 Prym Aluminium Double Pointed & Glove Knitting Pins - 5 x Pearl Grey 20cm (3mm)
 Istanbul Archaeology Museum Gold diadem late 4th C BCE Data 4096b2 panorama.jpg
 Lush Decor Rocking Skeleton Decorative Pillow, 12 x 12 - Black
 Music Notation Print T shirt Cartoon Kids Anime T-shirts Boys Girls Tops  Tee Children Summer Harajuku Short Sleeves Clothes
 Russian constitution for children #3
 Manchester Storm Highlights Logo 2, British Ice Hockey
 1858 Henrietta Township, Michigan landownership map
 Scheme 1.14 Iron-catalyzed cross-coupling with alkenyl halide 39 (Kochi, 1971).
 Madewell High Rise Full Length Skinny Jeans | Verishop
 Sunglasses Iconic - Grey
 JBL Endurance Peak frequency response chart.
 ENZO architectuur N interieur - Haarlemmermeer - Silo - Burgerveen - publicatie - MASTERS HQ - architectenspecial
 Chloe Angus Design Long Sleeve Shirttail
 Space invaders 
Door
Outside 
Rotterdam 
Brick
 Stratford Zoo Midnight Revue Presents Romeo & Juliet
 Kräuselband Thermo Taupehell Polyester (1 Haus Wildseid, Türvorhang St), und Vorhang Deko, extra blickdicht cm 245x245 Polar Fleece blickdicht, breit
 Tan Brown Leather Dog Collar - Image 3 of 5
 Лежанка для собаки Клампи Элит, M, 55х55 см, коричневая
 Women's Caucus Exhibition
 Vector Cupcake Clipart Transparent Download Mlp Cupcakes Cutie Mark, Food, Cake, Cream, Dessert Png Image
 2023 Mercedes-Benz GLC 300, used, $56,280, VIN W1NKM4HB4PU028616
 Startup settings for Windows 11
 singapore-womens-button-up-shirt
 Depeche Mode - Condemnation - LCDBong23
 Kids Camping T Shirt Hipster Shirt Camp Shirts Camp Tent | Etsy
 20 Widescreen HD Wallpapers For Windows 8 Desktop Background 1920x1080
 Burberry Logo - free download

→ **What you will do**: Your answer must be an exact transcription of all the data above.

→ **Problem solution**:
 Prym Aluminium Double Pointed & Glove Knitting Pins - 5 x Pearl Grey 20cm (3mm)
 Istanbul Archaeology Museum Gold diadem late 4th C BCE Data 4096b2 panorama.jpg
 Lush Decor Rocking Skeleton Decorative Pillow, 12 x 12 - Black
 Music Notation Print T shirt Cartoon Kids Anime T-shirts Boys Girls Tops  Tee Children Summer Harajuku Short Sleeves Clothes
 Russian constitution for children #3
 Manchester Storm Highlights Logo 2, British Ice Hockey
 1858 Henrietta Township, Michigan landownership map
 Scheme 1.14 Iron-catalyzed cross-coupling with alkenyl halide 39 (Kochi, 1971).
 Madewell High Rise Full Length Skinny Jeans | Verishop
 Sunglasses Iconic - Grey
 JBL Endurance Peak frequency response chart.
 ENZO architectuur N interieur - Haarlemmermeer - Silo - Burgerveen - publicatie - MASTERS HQ - architectenspecial
 Chloe Angus Design Long Sleeve Shirttail
 Space invaders 
Door
Outside 
Rotterdam 
Brick
 Stratford Zoo Midnight Revue Presents Romeo & Juliet
 Kräuselband Thermo Taupehell Polyester (1 Haus Wildseid, Türvorhang St), und Vorhang Deko, extra blickdicht cm 245x245 Polar Fleece blickdicht, breit
 Tan Brown Leather Dog Collar - Image 3 of 5
 Лежанка для собаки Клампи Элит, M, 55х55 см, коричневая
 Women's Caucus Exhibition
 Vector Cupcake Clipart Transparent Download Mlp Cupcakes Cutie Mark, Food, Cake, Cream, Dessert Png Image
 2023 Mercedes-Benz GLC 300, used, $56,280, VIN W1NKM4HB4PU028616
 Startup settings for Windows 11
 singapore-womens-button-up-shirt
 Depeche Mode - Condemnation - LCDBong23
 Kids Camping T Shirt Hipster Shirt Camp Shirts Camp Tent | Etsy
 20 Widescreen HD Wallpapers For Windows 8 Desktop Background 1920x1080
 Burberry Logo - free download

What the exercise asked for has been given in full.